Children with guns


We have seemingly unlimited capability.

We have limited capacity.

A finite people creating seemingly infinite tools.


I believe that the tension created by this discrepancy causes our souls to stretch beyond our natural functioning. The result is that we feel that we are losing life or connection, while in the same moments being inundated with information and possibility.


Let me explain.


The phenomenon of social media has only existed in our culture for the past decade, and many would argue that it still has not reached its maximum capabilities. As a culture we have fully embraced this new creation and have so interwoven our lives and the lives of our children with social media that we can scarcely imagine or remember what life was like before we had it.

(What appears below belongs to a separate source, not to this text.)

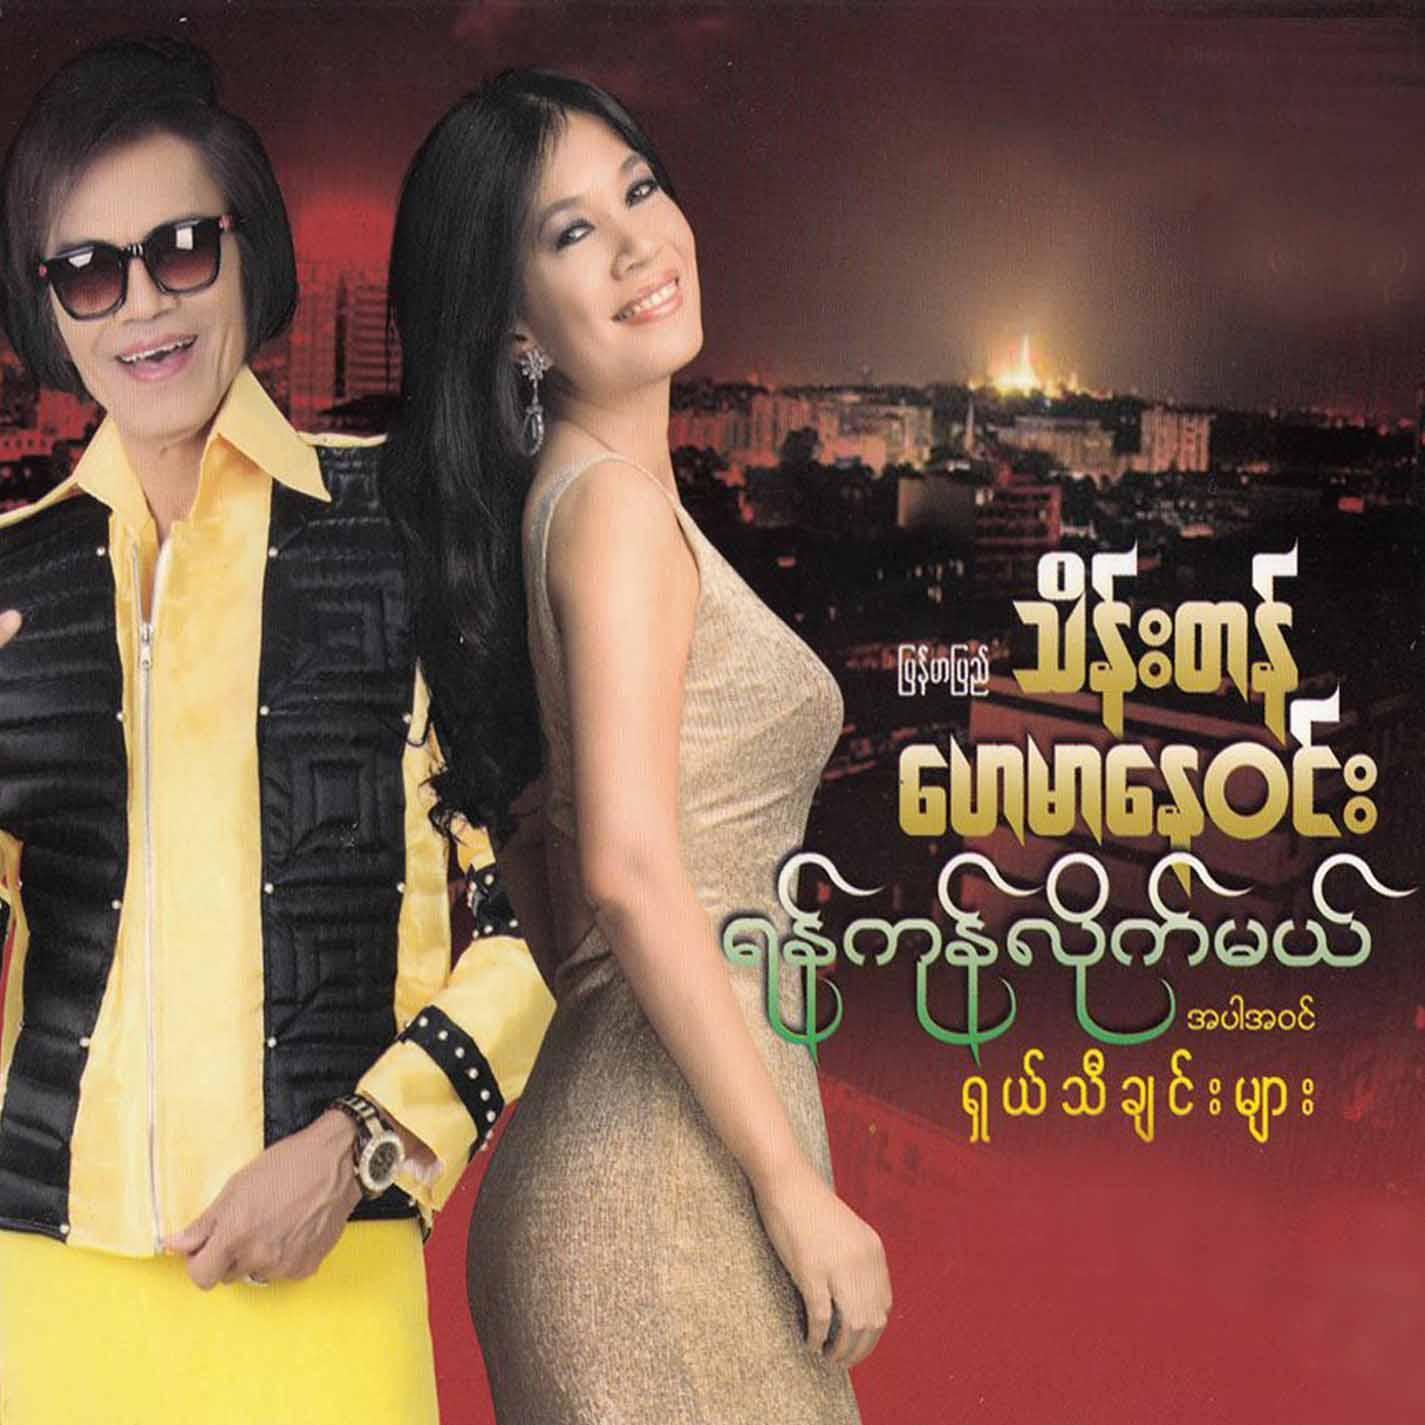 Listen Free To Myanmar Pyi Thein Tan Tu Tu Nyi Nyi Yal Yal Pyone

I would ask that you ponder this analogy. Could the creation of social media be just as potent as the creation of the first gun? Though this comparison may seem a bit far-fetched at first, guns, like social media, can be used both as a tool and as a weapon. A gun can be viewed both as a tool in the obtaining of food in the context of hunting or as a weapon caused to inflict harm. A tool or a weapon, is social media not the same? We praise social media for its capabilities as a tool, but are we fully aware of this same platform’s ability to inflict harm? Not just on bystanders but also on ourselves? Have we just created a weapon and put it in the hands of adolescents without fully understanding its abilities ourselves? Do we marvel at the tragedies inflicted upon those around us without realizing that we are all adolescents in this game?


I believe that social media is overstretching our souls in three key ways: distraction, disengagement, and detachment.



With our new ability to have information and interaction at our fingertips, have we unknowingly created a Pavlovian society? We have evolved into a society in which we have suffered the loss of the ability to wait and the art of patience. A society in which we are conditioned for immediate results and stimuli. We conditioned ourselves, and specifically the generations after us, to expect instantaneous results and interaction. We must ask ourselves: what are the ramifications in doing so? In our development of technology, are we breeding out the ability to engage? Engagement requires patience. If I am used to instantaneous responses and results, do I then have a growing frustration with the world and relationships around me that cannot naturally nor practically provide the results and interaction at the times that I am conditioned to expect. Does this then cause me to devalue these relationships and consider them not worth the focus it takes to develop them?



If I am distracted due to being conditioned to expect a rapid response, there will be an increasing tendency towards disengagement. This will be amplified if the world I am distracted from begins to suffer tension. For example, as a parent, if I am disengaged from my child and that child acts out, not responding to my attempts at correction how I desire, do I then retreat online to find a solution instead of engaging in the moment? This may appear noble at first due to my desire to gain access to resources, but at what point does it become a hinderance? Where is the line when my efforts to educate myself crossover and actually become me barricading myself with the information? In this scenario, I should consider whether I have reached a sufficient level of information to handle the situation responsibly or whether I’m searching for information as a form of escape?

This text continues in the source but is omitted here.